= Beginning of Section =
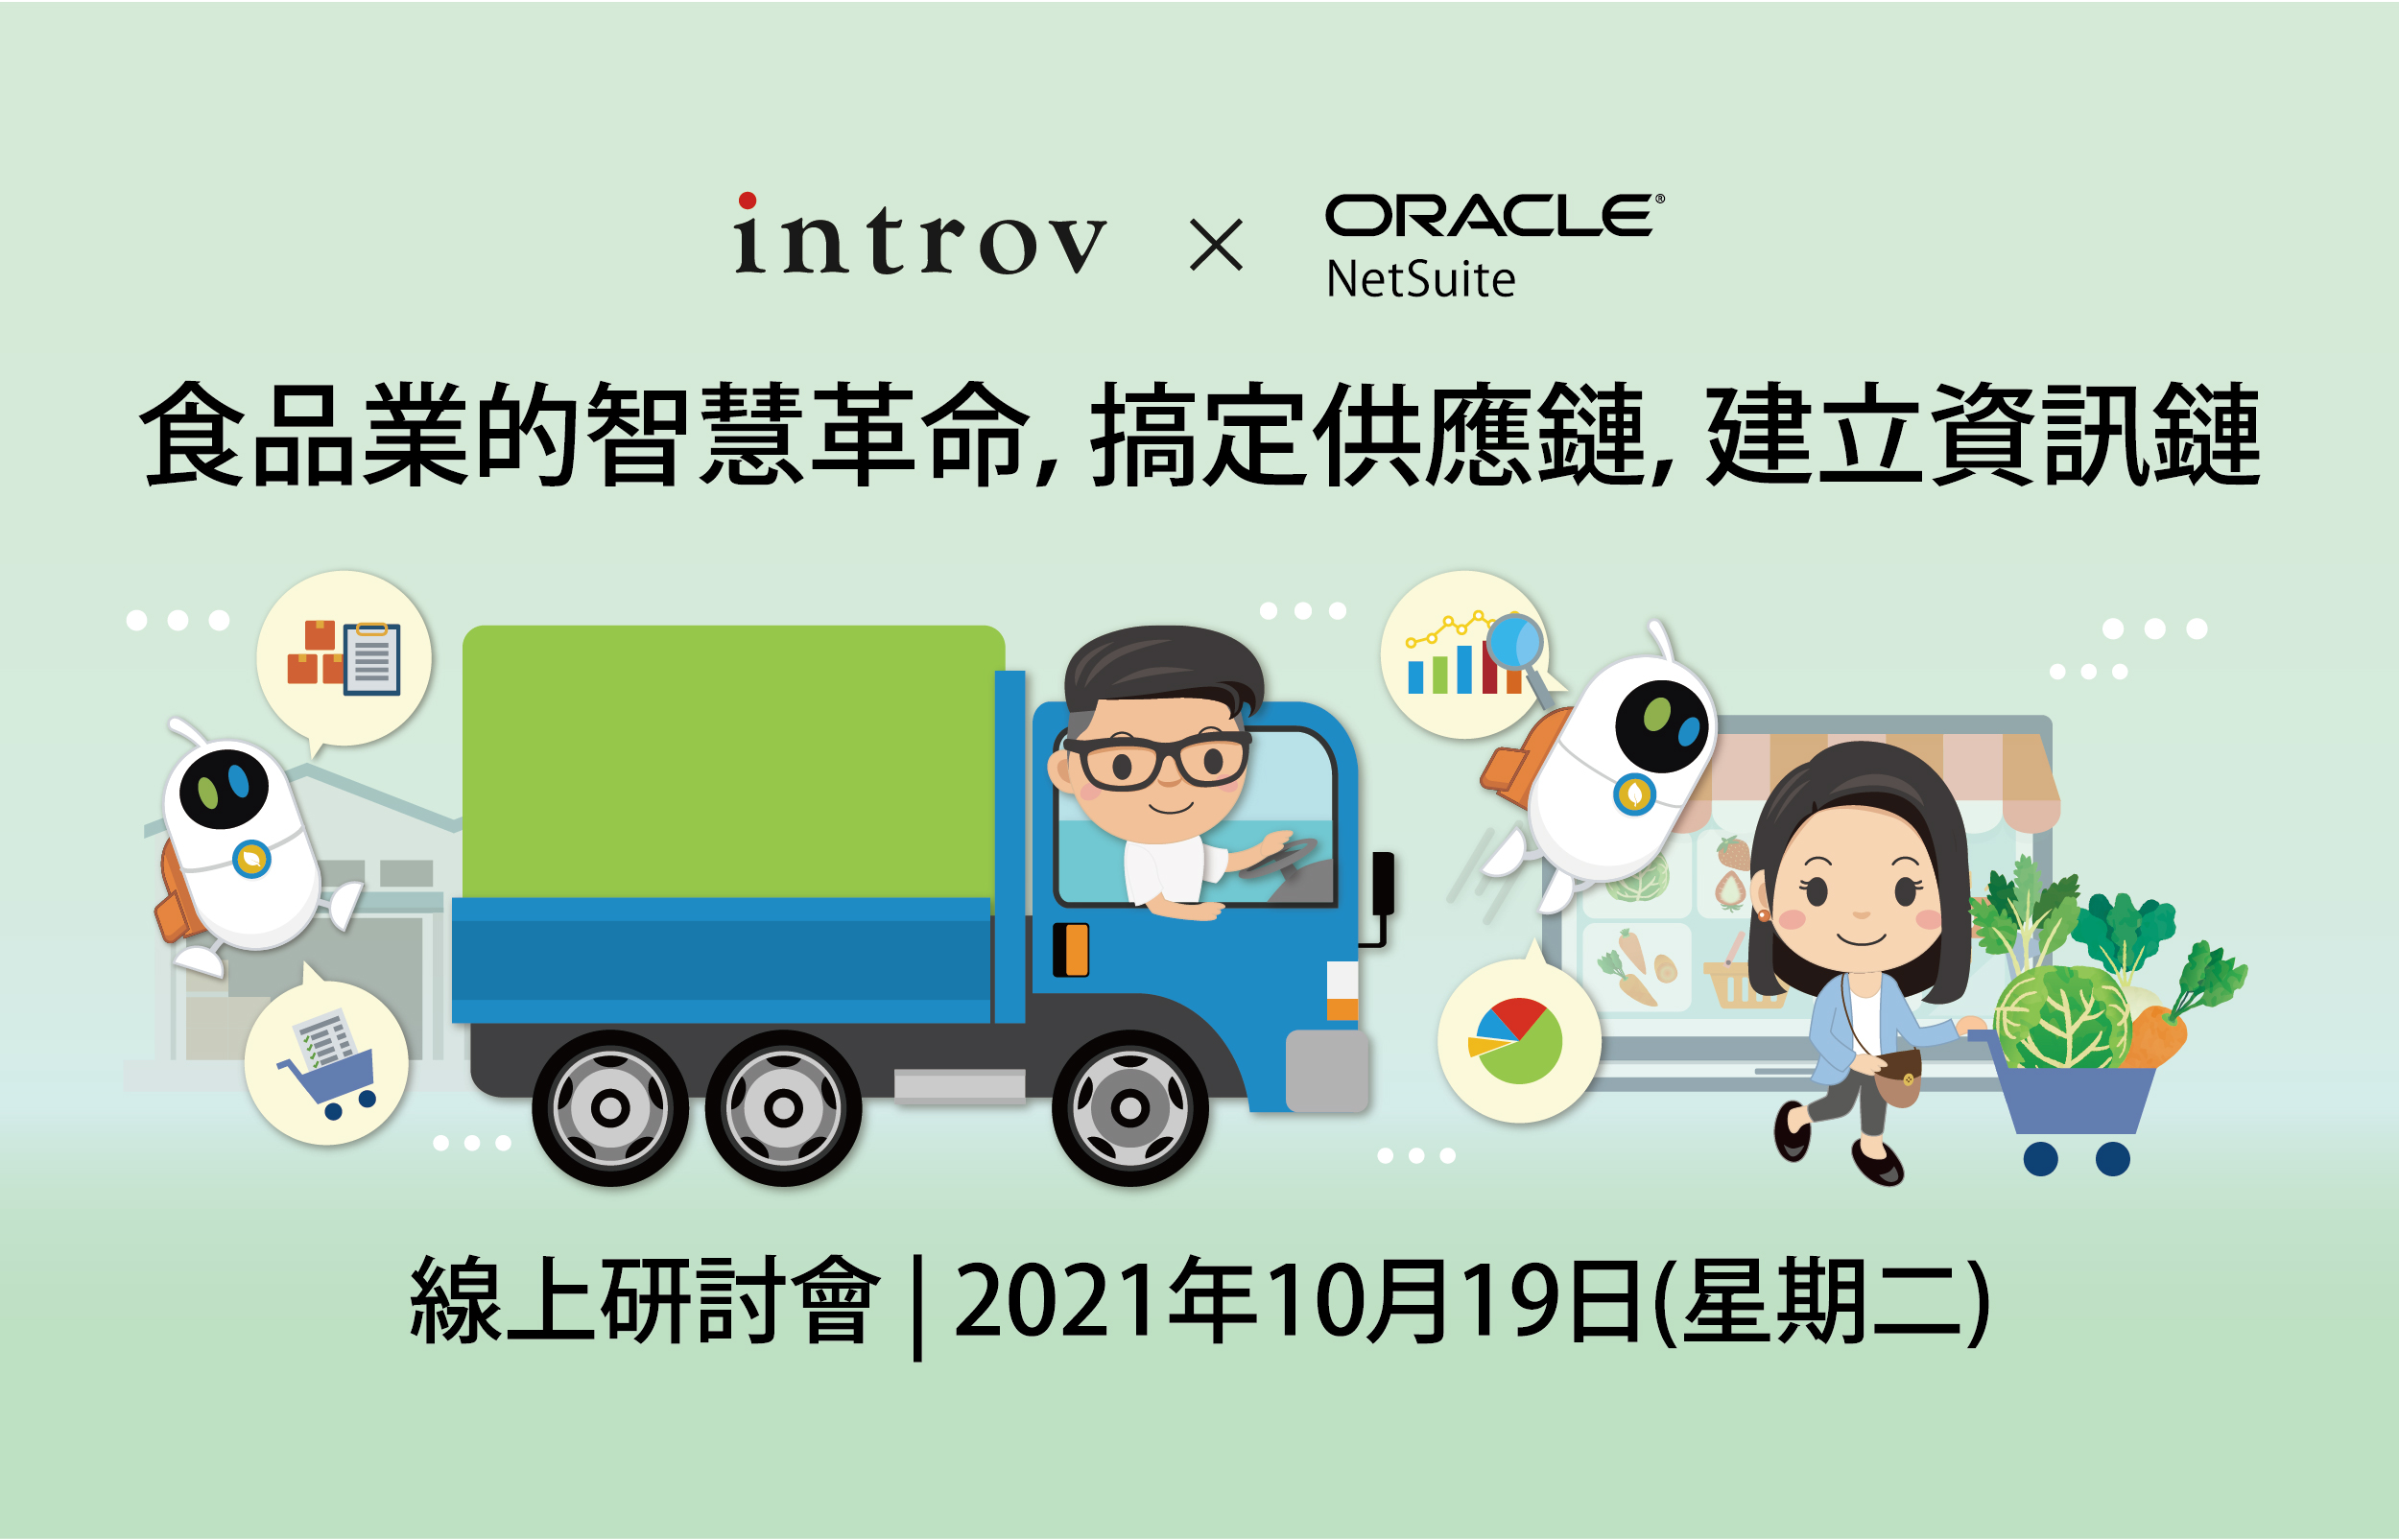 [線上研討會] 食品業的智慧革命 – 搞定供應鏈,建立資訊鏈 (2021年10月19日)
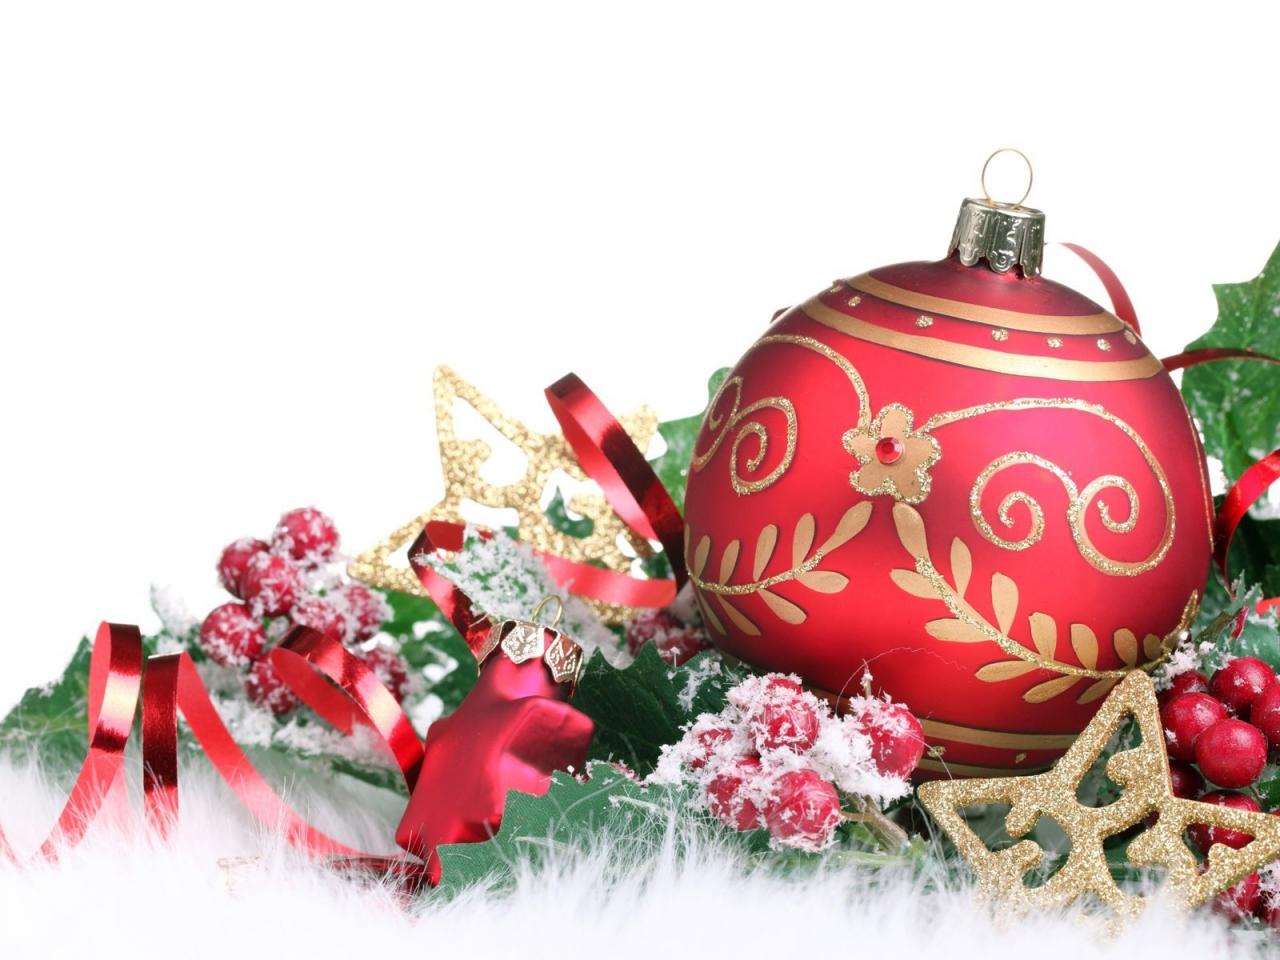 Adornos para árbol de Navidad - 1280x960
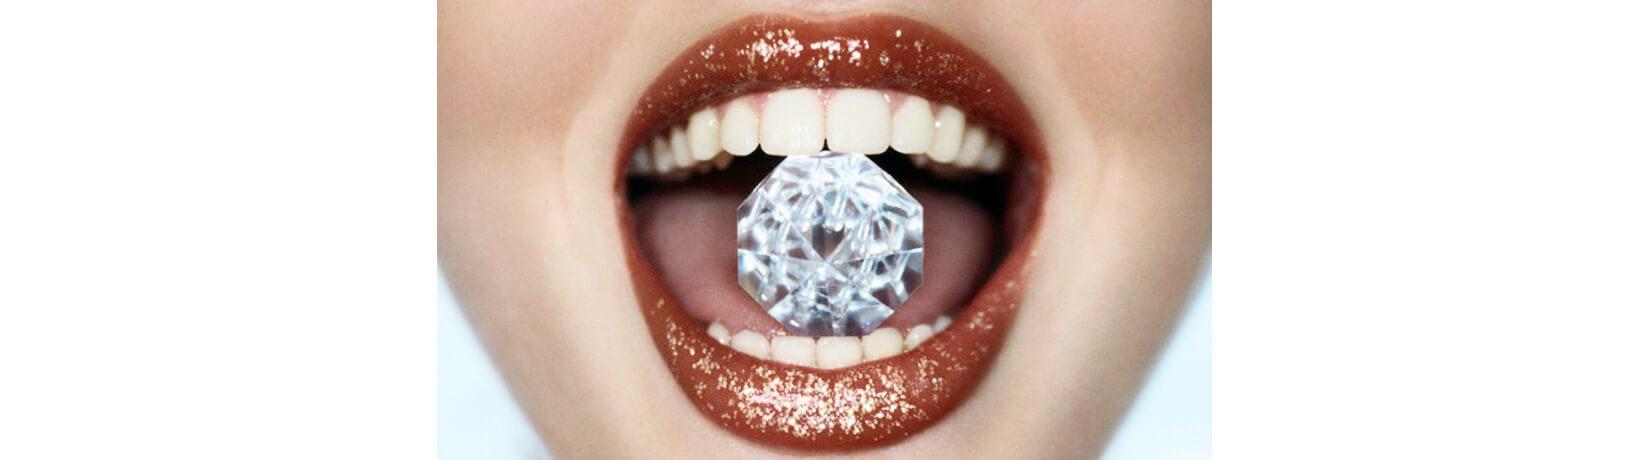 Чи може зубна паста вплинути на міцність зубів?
= End of Section =
Task goal = Beginning with the line that includes "Adornos para árbol de Navidad - 1280x960" and ending with the last line of the material, reproduce those lines exactly and nothing else, with no pictures.

Exercise response =
 Adornos para árbol de Navidad - 1280x960
 Чи може зубна паста вплинути на міцність зубів?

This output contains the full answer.